Member of the Minnesota Senate from the 15th district 16th (2011–2013)
- In office January 4, 2011 – January 2, 2017
- Preceded by: Lisa Fobbe
- Succeeded by: Andrew Mathews

Personal details
- Born: June 26, 1961 (age 65) Mount Auburn-La-Porte City, Iowa, US
- Party: Republican Party of Minnesota
- Spouse: Deb
- Children: 2
- Education: Oklahoma Wesleyan University
- Occupation: insurance agent

= Dave Brown (Minnesota politician) =

American politician

David M. Brown (born June 26, 1961) is a Minnesota politician and former member of the Minnesota Senate. A member of the Republican Party of Minnesota, he represented District 15, which included portions of Benton, Kanabec, Mille Lacs, Morrison, Sherburne and Wright counties in the central part of the state. The district also included the trust lands of the Mille Lacs Band of Ojibwe and Grand Casino Mille Lacs.

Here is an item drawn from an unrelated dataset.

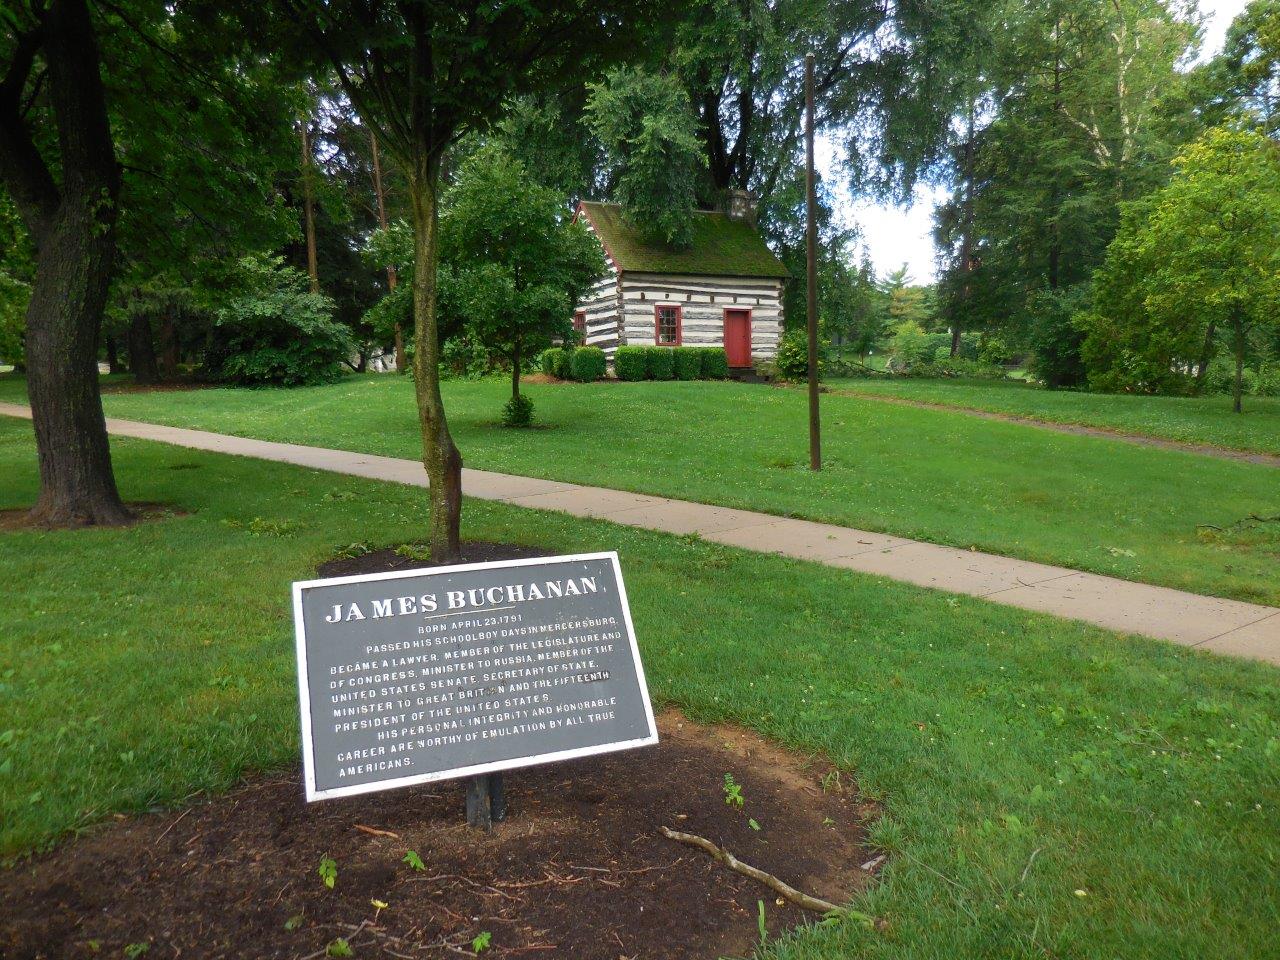 James Buchanan cabin in Mercersburg, Pennsylvania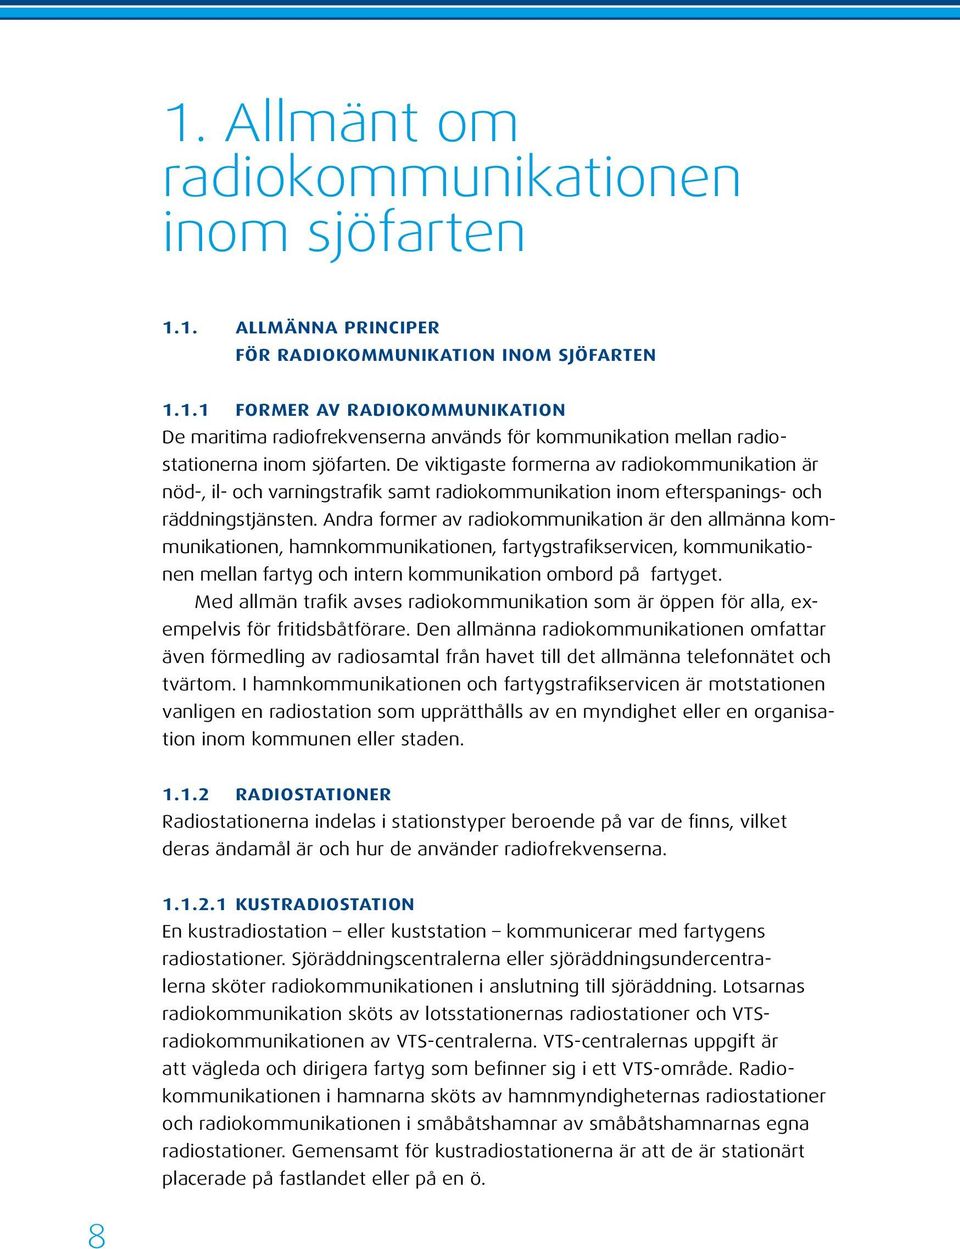 Andra former av radiokommunikation är den allmänna kommunikationen, hamnkommunikationen, fartygstrafikservicen, kommunikationen mellan fartyg och intern kommunikation ombord på fartyget.

==Early life, education, and career==
Brown grew up in Mount Auburn-La-Porte City, Iowa, and later attended Oklahoma Wesleyan University in Bartlesville, Oklahoma, graduating in 1983 with a B.A. in Behavioral Sciences.

Dave Brown works for UnitedHealth Group in Austin, Texas. He worked as an insurance agent with the Breitenfeldt Group until 2017. Preceding his insurance career, he worked with Word Entertainment, a major Christian music company based in Nashville, Tennessee.

==Minnesota Senate==
Brown was first elected in 2010 and was re-elected in 2012. He did not seek re-election in 2016.